If Focus on the User really doesn't want to be "evil" and you want to "focus
on the user" then the plugin needs to be changed. The edits the plugin makes
are better, but it just looks like Facebook/Twitter are just making sure they
get their websites mentioned. It appears they are not focused on the user, but
focused on how it will help them.

Here are some major suggestions:

1\. If someone searches for cars in Google, 95% of the time they are looking
to either research cars, buy a car, or the movie Cars. First of all do you
honestly feel that Ferrari's facebook or google+ page is more relevant/useful
than the websites of CarsDirect, Edmunds, or MotorTrend? The Google+/Facebook
pages are more prominent than these websites. That makes zero sense. I don't
know if you can do this, but if possible the "People and Pages" section should
be removed. If not, see #2.

2\. Why would the first result be Ferrari's facebook page in this search over
Ferrari's own web site?

3\. The Autosuggestion thing should work the same way as above. When I search
for Matt Cutts I am not looking for either his Facebook or his Google Plus
page, the most relevant result would be mattcutts.com, no? Or just remove the
autosuggestion thing period. Assuming that I want to go see Matt Cutts
Facebook profile over his Google+ profile is silly.

4\. Make it so that you can actually remove Google+ results period. When I
search for NFC Championship Game I don't care to see that MG Siegler went to
that game. Nor would I want to see that on facebook either. It just ideally
would be removed.

------
magicalist
I think people are slightly missing the point here. This appears to be less
about the google+ personal search results (searching over your friends
pictures or whatever), and more about surfacing content on queries where you
don't have personalized search results (e.g. that "movie" search that has hugh
jackman's profile show up).

I think the idea is that if google ranks someone's twitter profile first in
the organic results, why not show it in that social box? There is something of
a point here.

(although for many of the example searches there are several results before
any social networking results...so it would seem focusing on the user would
have financial and wikipedia results for AT&T before their twitter account is
listed. And then we're just back to no elevated results. But social networking
is special now, I guess?)

This would be a lot more compelling if they would drop the attempt at a
"grassroots" "just bringing up the issues for discussion" feel. As it is, it
comes off more as that "fair search" group that was really pretty much just
expedia and bing. It seems at least plausible that this actually came from
some engineers hanging out, discussing this, and writing some code, and if
someone had just blogged about it and put it up on github, I think it would be
getting a better response (if only to prove the point). Instead, I feel like
the page is just trying to manipulate me. It feels like marketing.

------
tomkarlo
While I think they make relevant points, the underlying logic of this whole
video is questionable.

Before the recent changes, "Jamie Oliver" simply didn't show up when searching
for "cooking", I expect. It didn't matter if his twitter or G+ page were the
first result for him, because they were probably on page 800 of the search
results.

Now, with the additional info it has via G+, Google is featuring him and some
other people alongside the normal results when you query for Google.

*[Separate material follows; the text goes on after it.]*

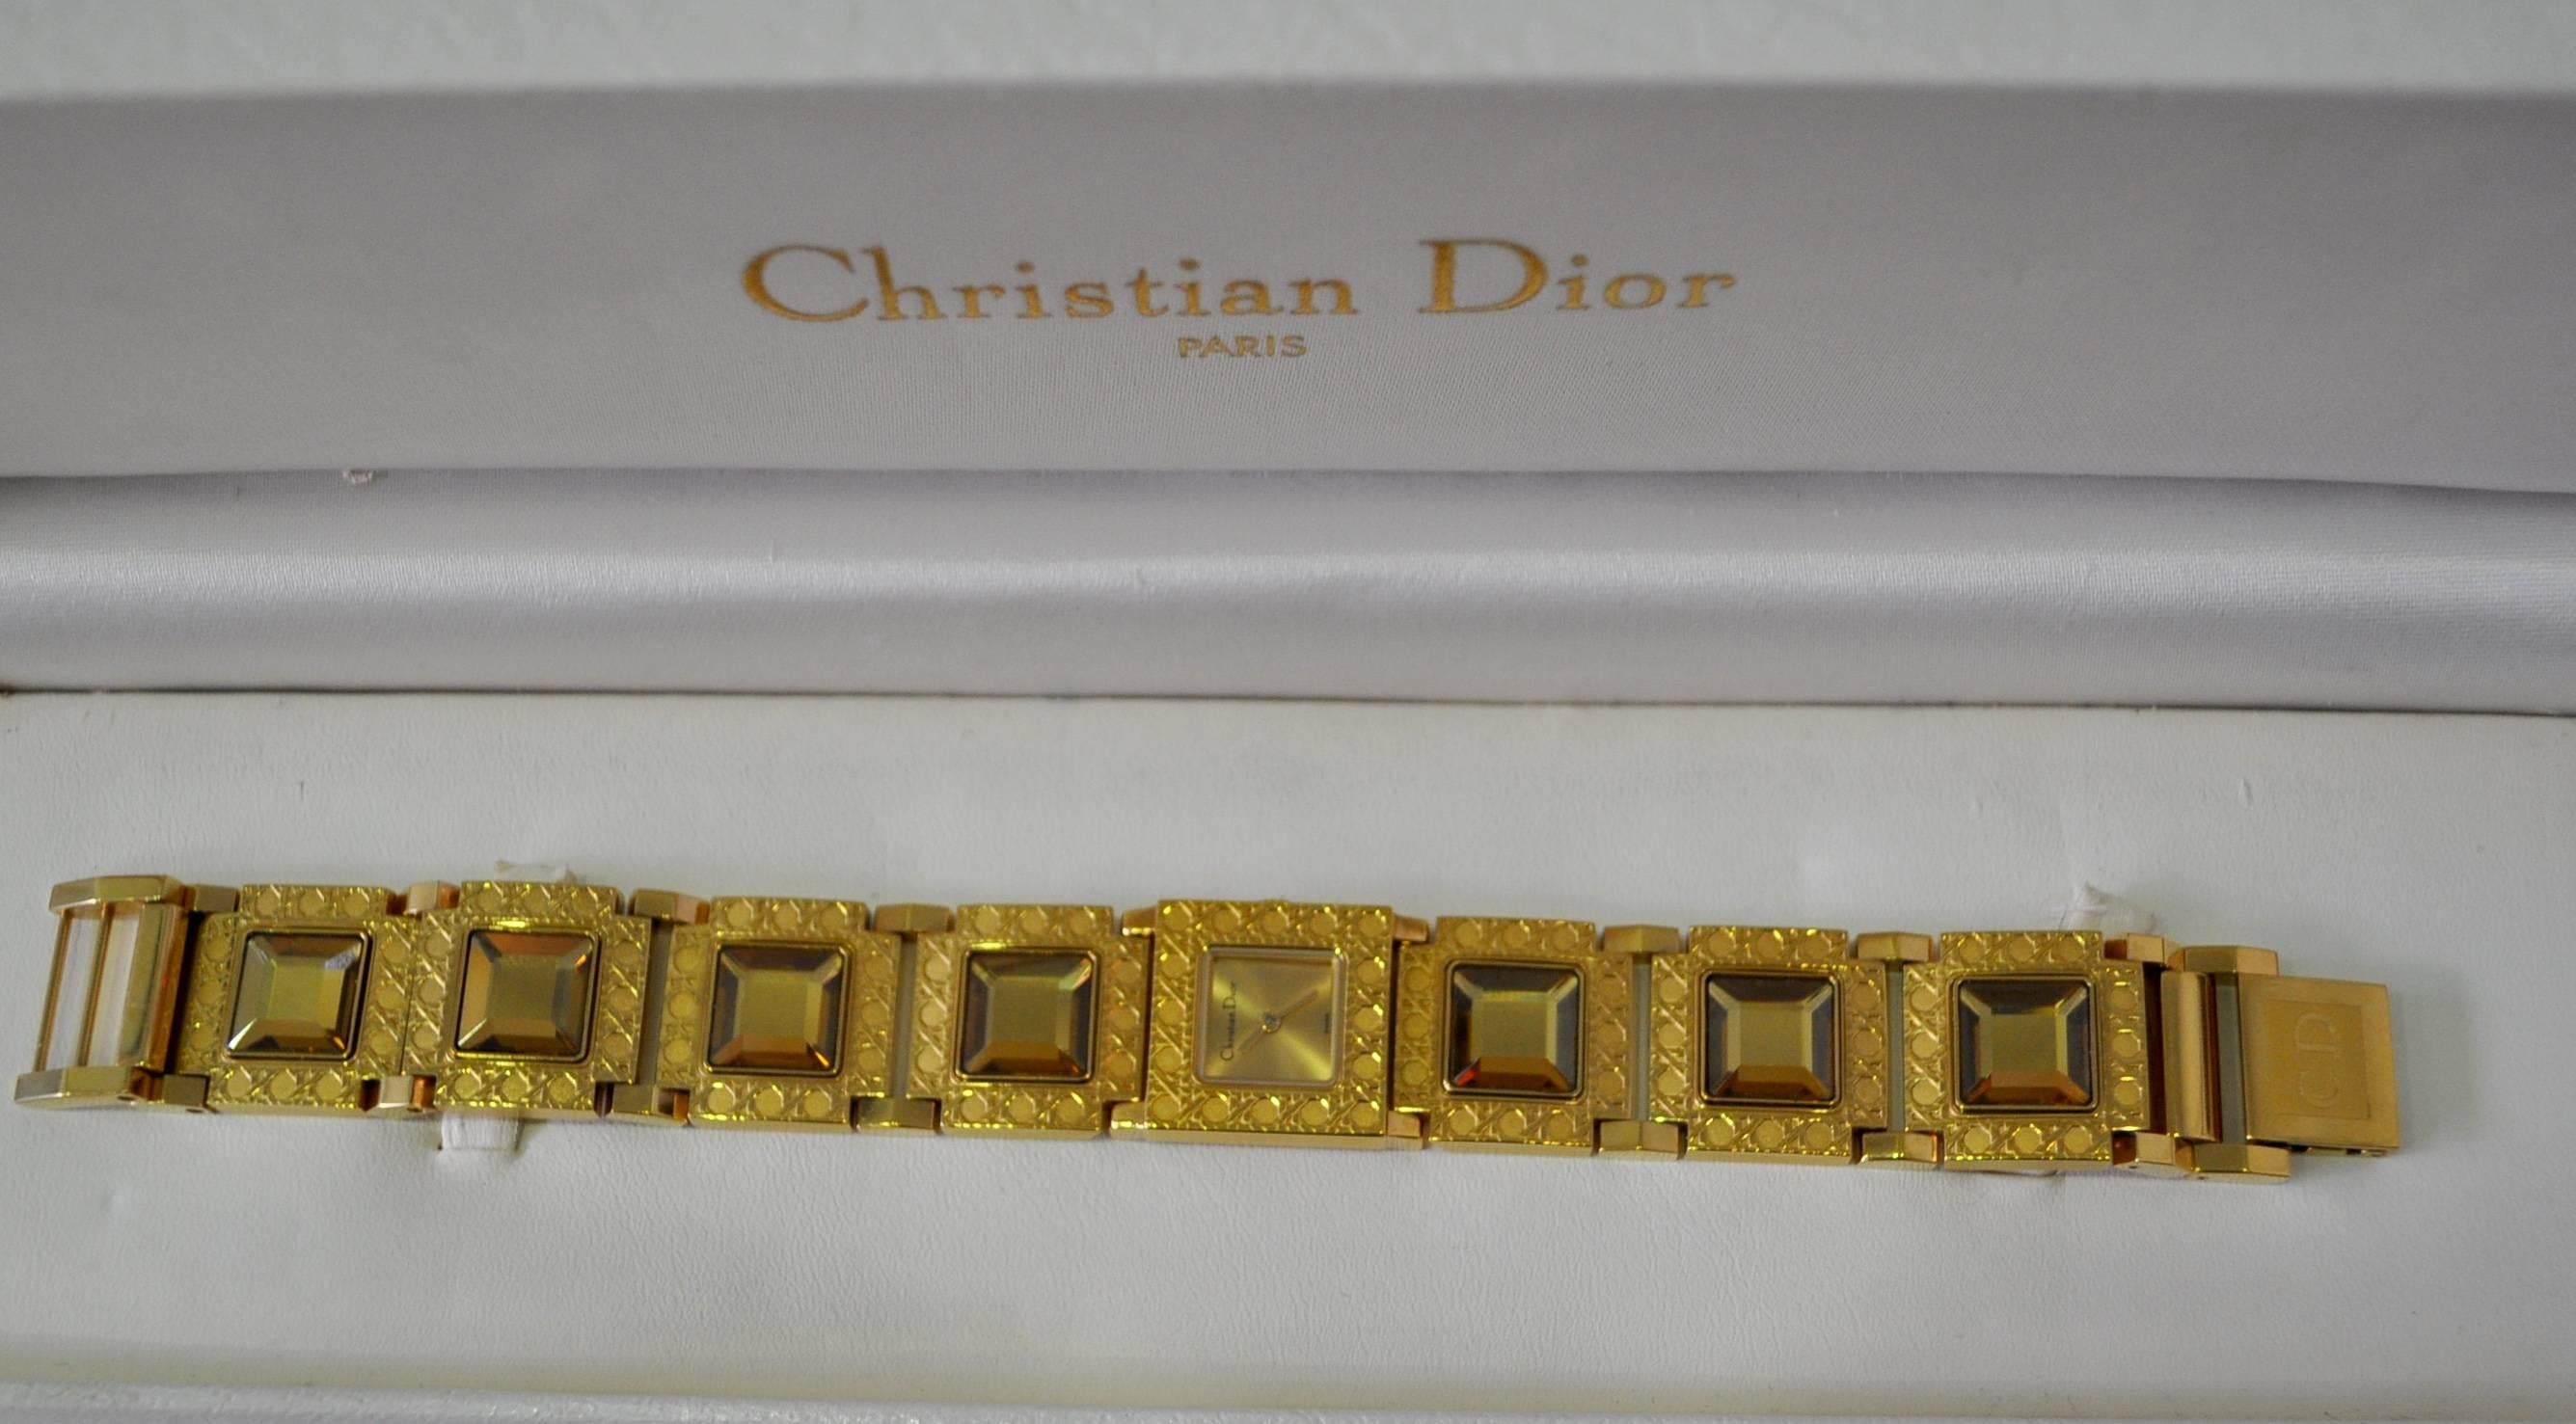 Art Deco Authentic Christian Dior Jewel Encrusted Gold Tone Link Watch For Sale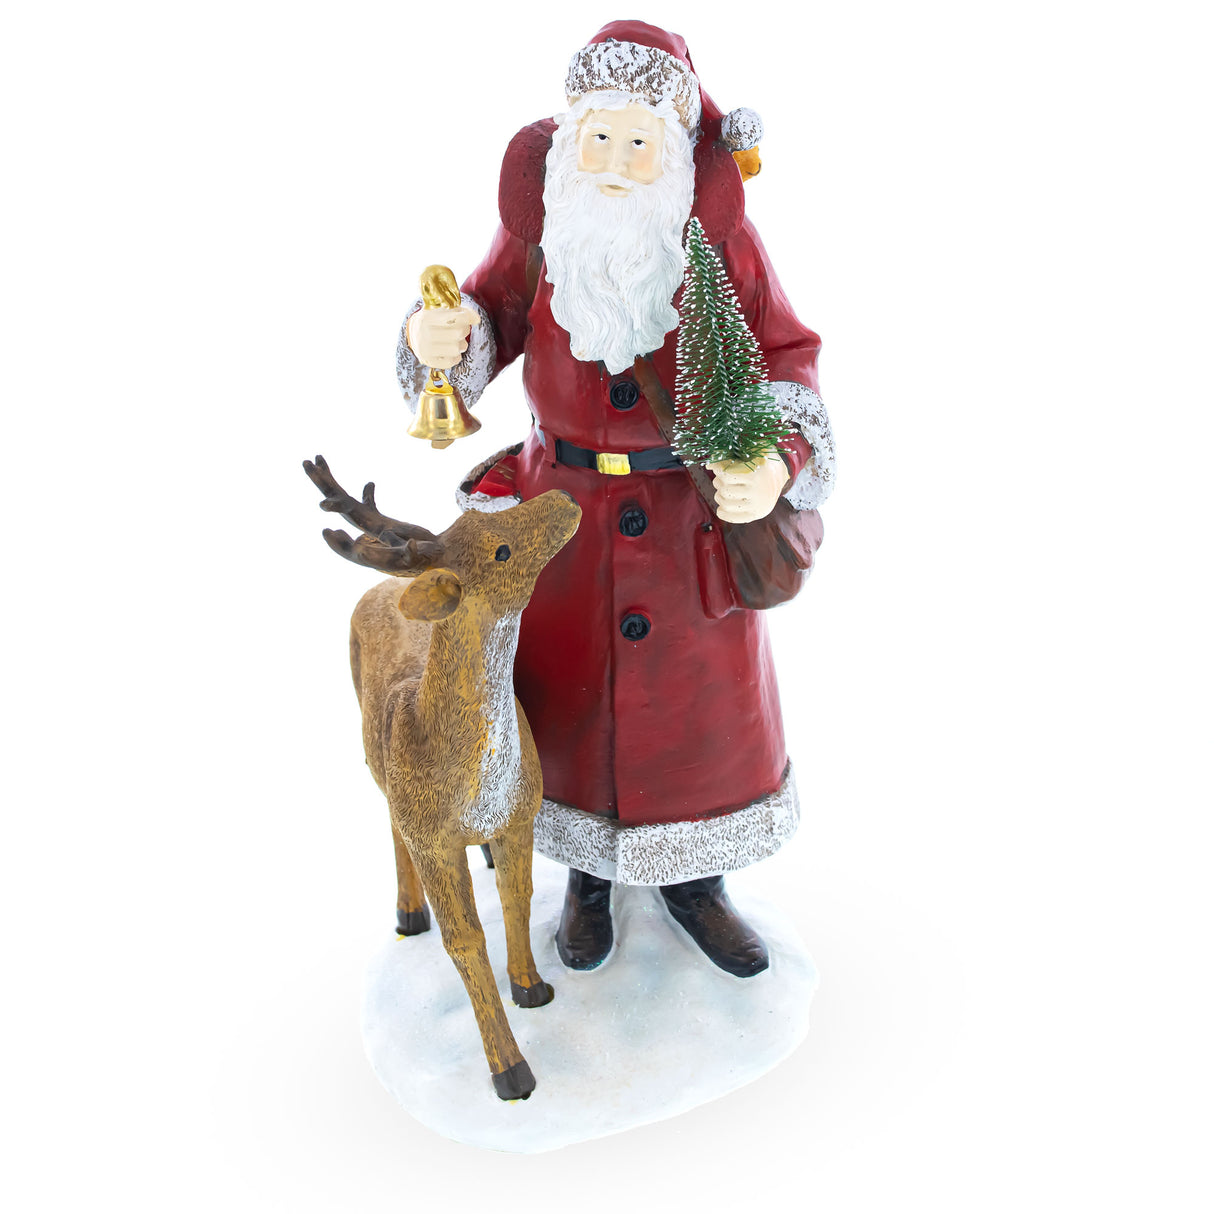 Resin Santa Holding Christmas Tree and Bell by Reindeer Figurine 12 Inches in Red color

Where Twitter falls in the query for "Jamie Oliver" doesn't seem particularly
relevant to that. I understand the thinking, but I don't think it makes sense
to say that because Jamie Oliver is a top G+ result for "Cooking", and Twitter
is the top result for "Jamie Oliver", then Jamie Oliver's Twitter must be the
top social result for "cooking".

The OP is assuming that search results are somehow transitive in nature, and
I'm don't think they should be just taking that for granted.

Should Google add links to the other services in those G+ listings coming up
alongside the results alongside the cooking SRP? Maybe. But that seems like a
UX/business question, not one that you can answer quantitatively.

------
movingahead
This attempt proofs Google can do better in social results than what it is
doing now. But, this also shows what great importance Google gives to Google+.
They have made a conscious decision to compromise search quality to push users
to Google+. A lot of us may believe that this won't work for Google+, but
Google must think otherwise. Google has made their bet on using its most
potent weapon - search to increase the user base of Google+.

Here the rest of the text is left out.